[This edited article by Chanda Chisala was first presented to the Zambian President, Levy P. Mwanawasa in 2007, before publication that same year. The president subsequently expressed his opposition to adding these new “rights” to the Zambian constitution.]
After publishing my series of internet articles on “the Zambian Constitutional Debate,” in which I theorized that the root of the contentious constitutional debate is simply a matter of ideology (specifically Marxist ideology) trying to stealthily impose itself on a nation (Chisala, 2007), I was curious to see if someone else had already noticed this scheme. You always get more confidence that your theory is right when you have other people to corroborate your observations. Although I did not find much support from Zambian commentators on this issue (virtually all the Zambian articles I found were, unfortunately, in favour of changing the Bill of Rights to include the social, economic and cultural rights), I was encouraged to discover that another nation, the United States of America, has in fact faced this same challenge before, and indeed some of its intellectuals did identify this surreptitious plot of some unrepentant Marxists to turn America into a socialist or communist state, legislatively, and to thus make the dream of individualism and free market enterprise practically illegal in America itself (in short, to forever banish the “American dream”). Fortunately, they failed to achieve this in America, but they are now trying to prey on some unsuspecting African nations by giving fallacious arguments to force constitutional socialism and Marxism on them.
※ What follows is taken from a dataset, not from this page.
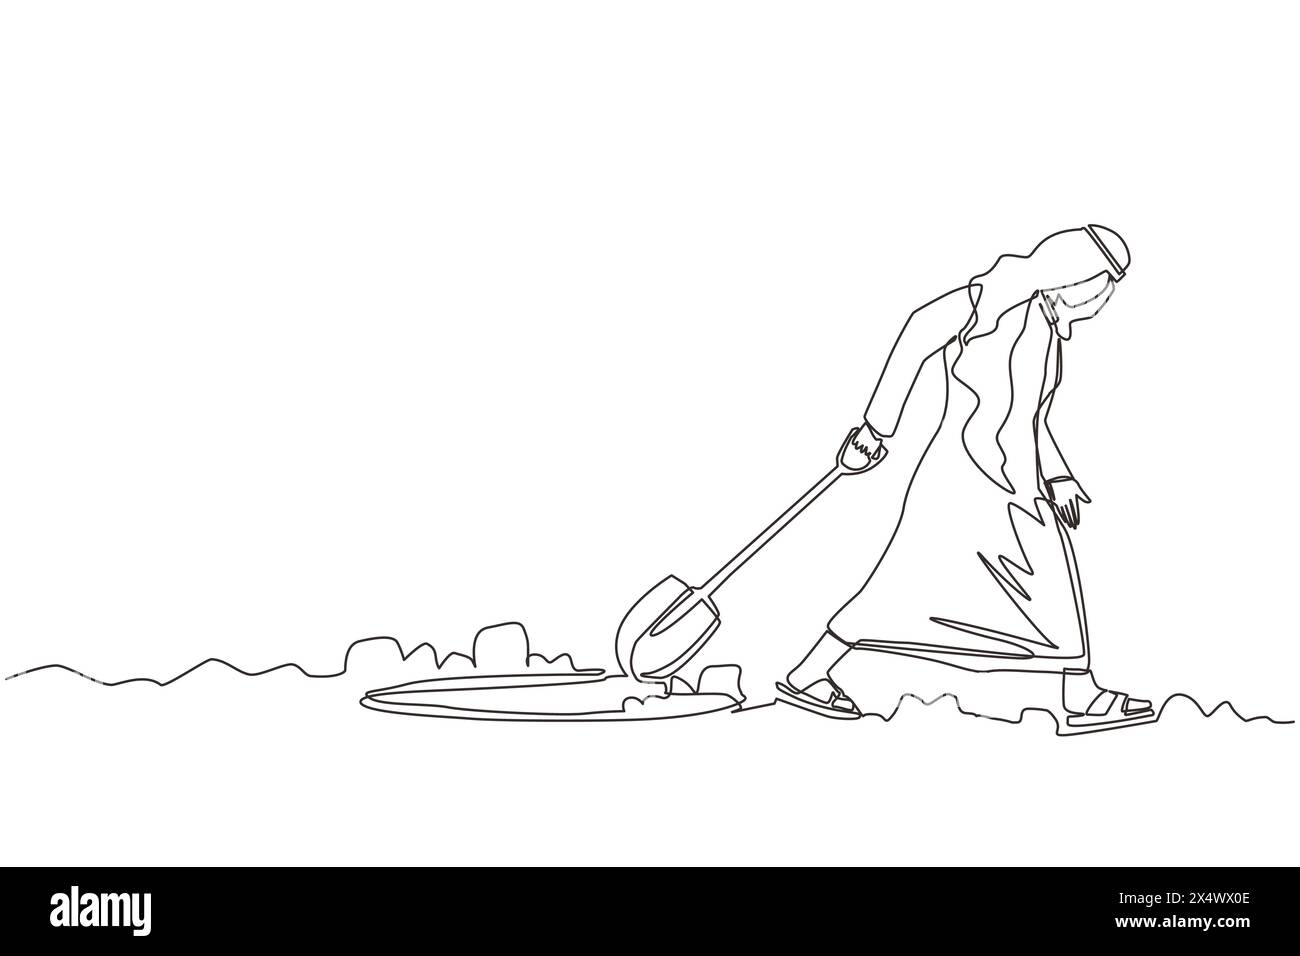 Linea singola continua che disegna un uomo d'affari arabo che cammina in modo irregolare lasciando la pala scavata nel buco. Un uomo scavava nel tunnel cercando di arrivare a Goal. Ha dato Illustrazione Vettoriale
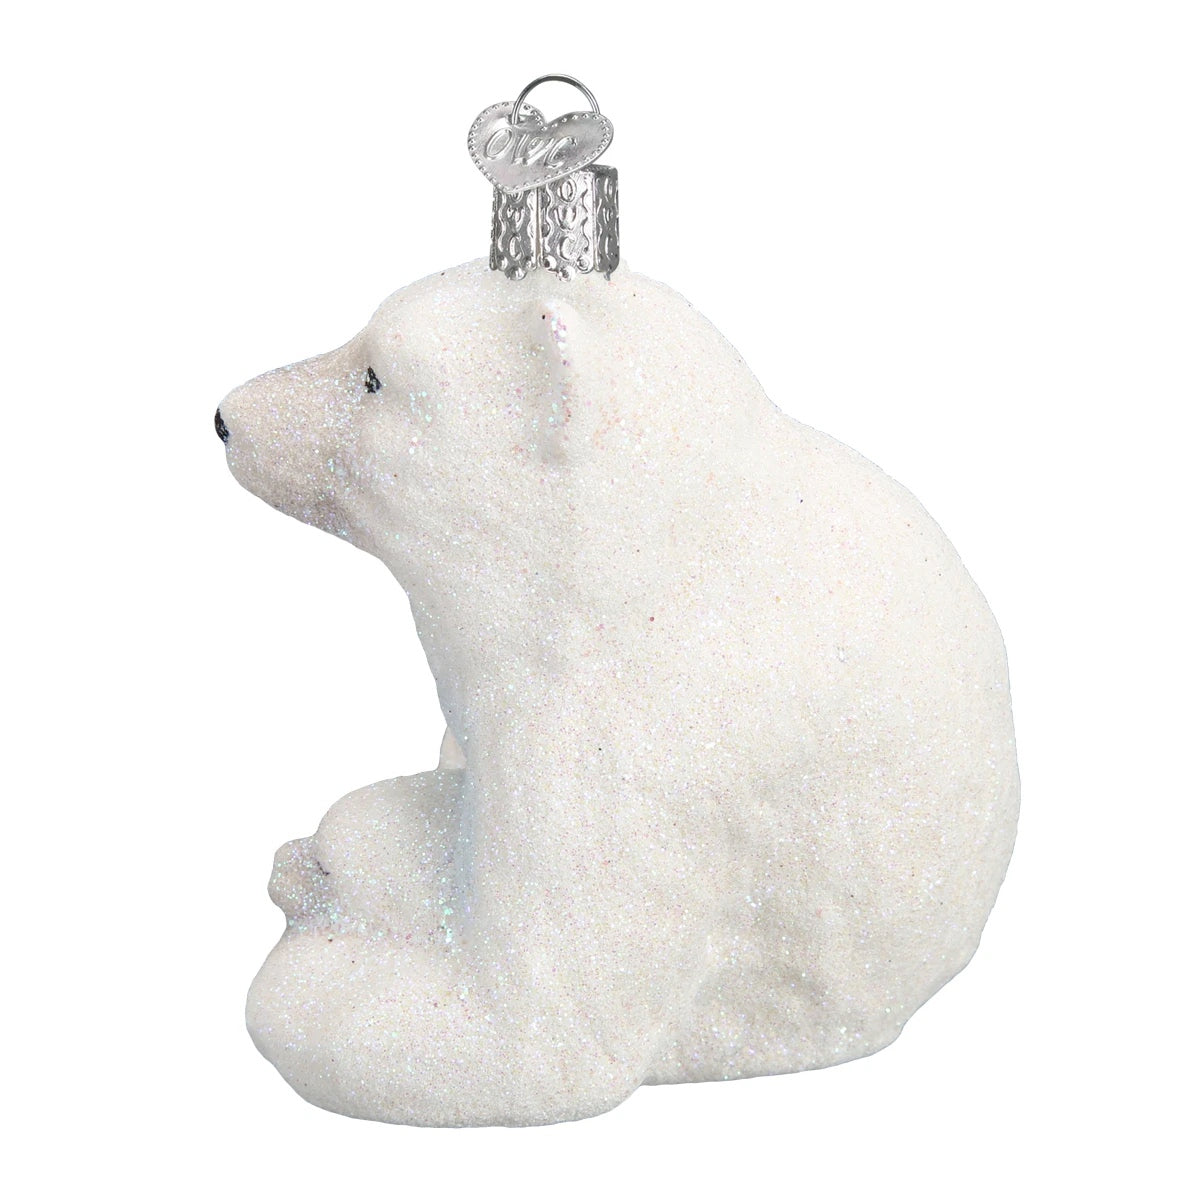 Old World Christmas Polar Bear With Cub Ornament

The people who are fighting to have these social and economic rights included in our Bill of Rights are using the United Nations’ International Covenant on Economic, Social and Cultural Rights (ICESCR), that are also informally referred to as “second generation rights,” as the basis for their campaign. Their argument basically is that Zambia should put this into its constitution because progressive societies are going along this route of entrenching this UN covenant into their constitutions (Mwale, 2004).